FreeNAS embeds NUT. You must configure and test it. Even if your datacenter is protected with energy generation systems you should always setup UPS communication, just in case of unexpected electrical or power failures.

 

9) Using RAID-Z for virtualization

You should avoid RAID-Z setups in virtualized environments because of the poor performances. The FreeNAS wizard tries to warn you also.

 

10) Configuring too big zpools

Avoid configuring too big zpools if not necessary. Resilvering and performances will suffer A LOT of degradation. Keep in consideration the ZFS fragmentation that keeps growing.

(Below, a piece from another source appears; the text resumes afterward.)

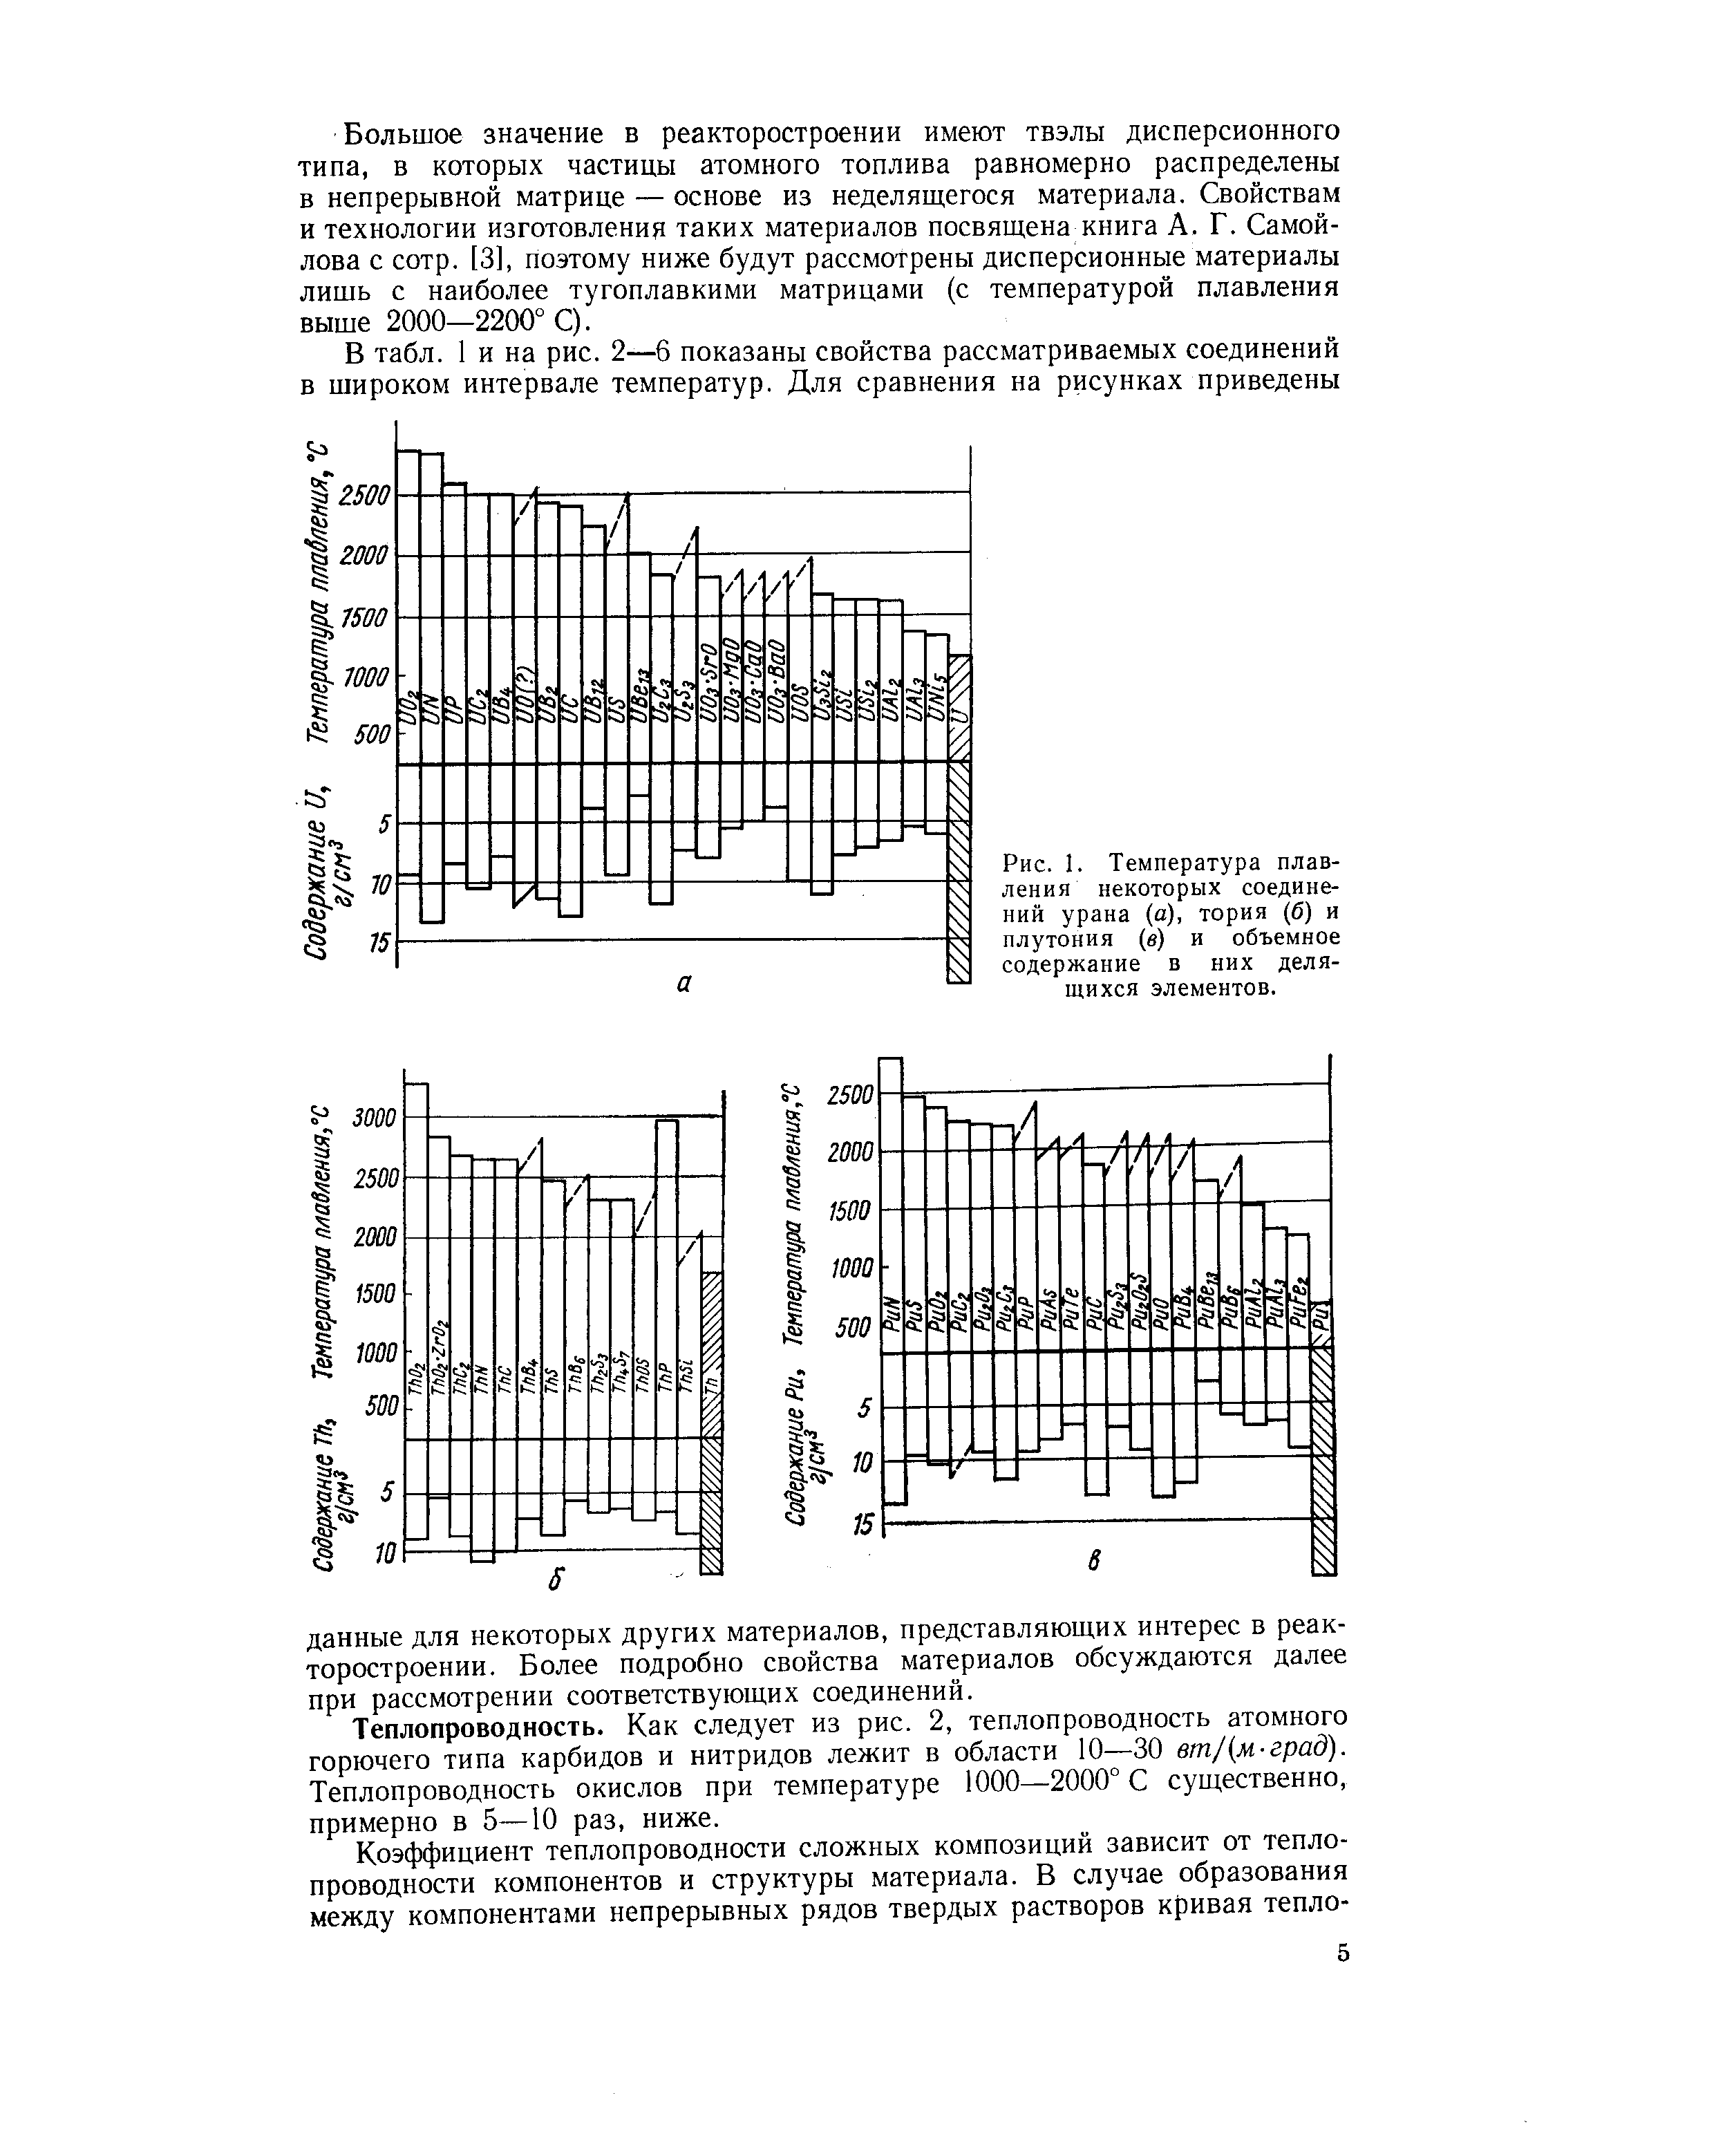 Рис. 1. Температура плавления некоторых соединений урана (а), тория (б) и плутония (в) и объемное содержание в них делящихся элементов.

You could need to move your data between different zpools from time to time.

 

11) Misconfigured or unconfigured email reporting system

This should be considered one of the most important things to be correctly setup while deploying a FreeNAS System. You'll receive every day a lot of diagnostic informations.

 

12) Using a single IP Address

Always use multiple IP Addresses located in different subnets to tear apart the traffic and separate the clients.

 

13) Using a single VLAN

Same as point 12 but with a security flavour.

 

14) The missing crash plan

Still did not prepare yours?

What... if...?

 

15) No documentation

Many systemists do no write adequate documentation about their deployments. This would eventually turn into a catastrophe it the case you're in vacation or unreachable.